La pregunta era justa: ¿Contra quién iban a estar protegidos estos países por las armas de Estados Unidos y la alianza de la OTAN?

La pregunta pareció quedar plenamente respondida en 2004, cuando Eslovenia, Eslovaquia, Lituania, Letonia, Estonia, Rumanía y Bulgaria fueron admitidos en la OTAN, una agrupación que incluía tres antiguas repúblicas de la propia URSS, así como otras tres naciones del antiguo Pacto de Varsovia.

Luego, en 2008, llegó la declaración de Bucarest que puso a Georgia y Ucrania, ambas fronterizas con Rusia, en la senda de la adhesión a la OTAN.

Ese mismo año, Georgia atacó su provincia secesionada de Osetia del Sur, donde las tropas rusas actuaban como fuerzas de paz, matando a algunos.

Esto desencadenó un contraataque de Putin a través del túnel de Roki, en Osetia del Norte, que liberó a Osetia del Sur y llegó hasta Gori, en Georgia, el lugar de nacimiento de Stalin. George W. Bush, que había prometido «acabar con la tiranía en nuestro mundo», no hizo nada. Tras ocupar brevemente parte de Georgia, los rusos se marcharon, pero se quedaron como protectores de los surosetios.

El establishment estadounidense ha declarado que se trata de una guerra de agresión rusa, pero una investigación de la UE culpó al presidente georgiano Mikheil Saakashvili de iniciar la guerra.

En 2014, el presidente prorruso de Ucrania elegido democráticamente, Víktor Yanukóvich, fue derrocado en Kiev y sustituido por un régimen prooccidental. En lugar de perder Sebastopol, la histórica base naval rusa en Crimea, Putin tomó la península y la declaró territorio ruso.
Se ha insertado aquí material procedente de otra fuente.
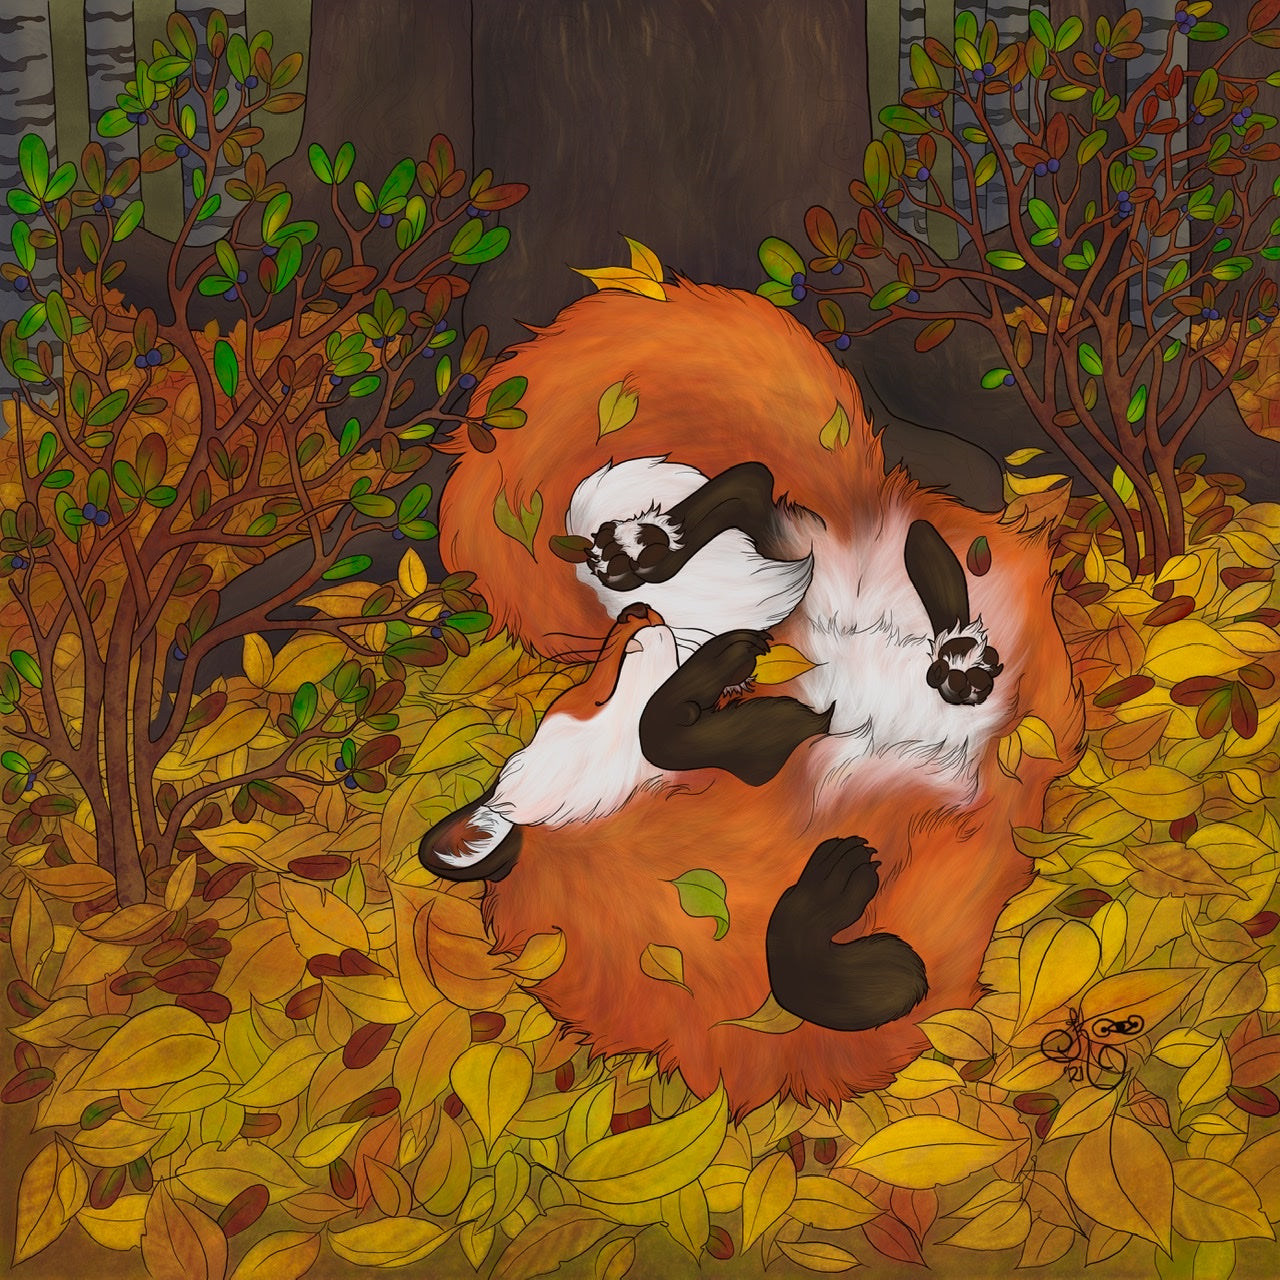 A fox joyfully rolls in a pile of golden leaves at the base of a tree and surrounded by berry bushes.

Teddy Roosevelt robó Panamá con un remordimiento similar.

Lo que nos lleva a la actualidad. Independientemente de lo que pensemos de Putin, no es Stalin. No ha asesinado a millones de personas ni ha creado un archipiélago gulag. Tampoco es «irracional», como dicen algunos expertos. No quiere una guerra con nosotros, que sería peor que la ruina para ambos.

Putin es un nacionalista ruso, un patriota, un tradicionalista y un realista frío e implacable, que busca preservar a Rusia como la gran y respetada potencia que una vez fue y que cree que puede volver a ser.

Pero no puede serlo si la expansión de la OTAN no se detiene o si su estado hermano de Ucrania pasa a formar parte de una alianza militar cuyo orgullo es haber ganado la Guerra Fría contra la nación a la que Putin ha servido toda su vida.

El presidente Joe Biden promete casi cada hora que «no vamos a ir a la guerra en Ucrania». ¿Por qué, entonces, no descarta de buena gana el ingreso de Ucrania en la OTAN, lo que, en caso de convertirse en miembro, nos obligaría a hacer algo que, según el propio Biden, los estadounidenses, por nuestra propia supervivencia, nunca deberíamos hacer: entrar en guerra con Rusia?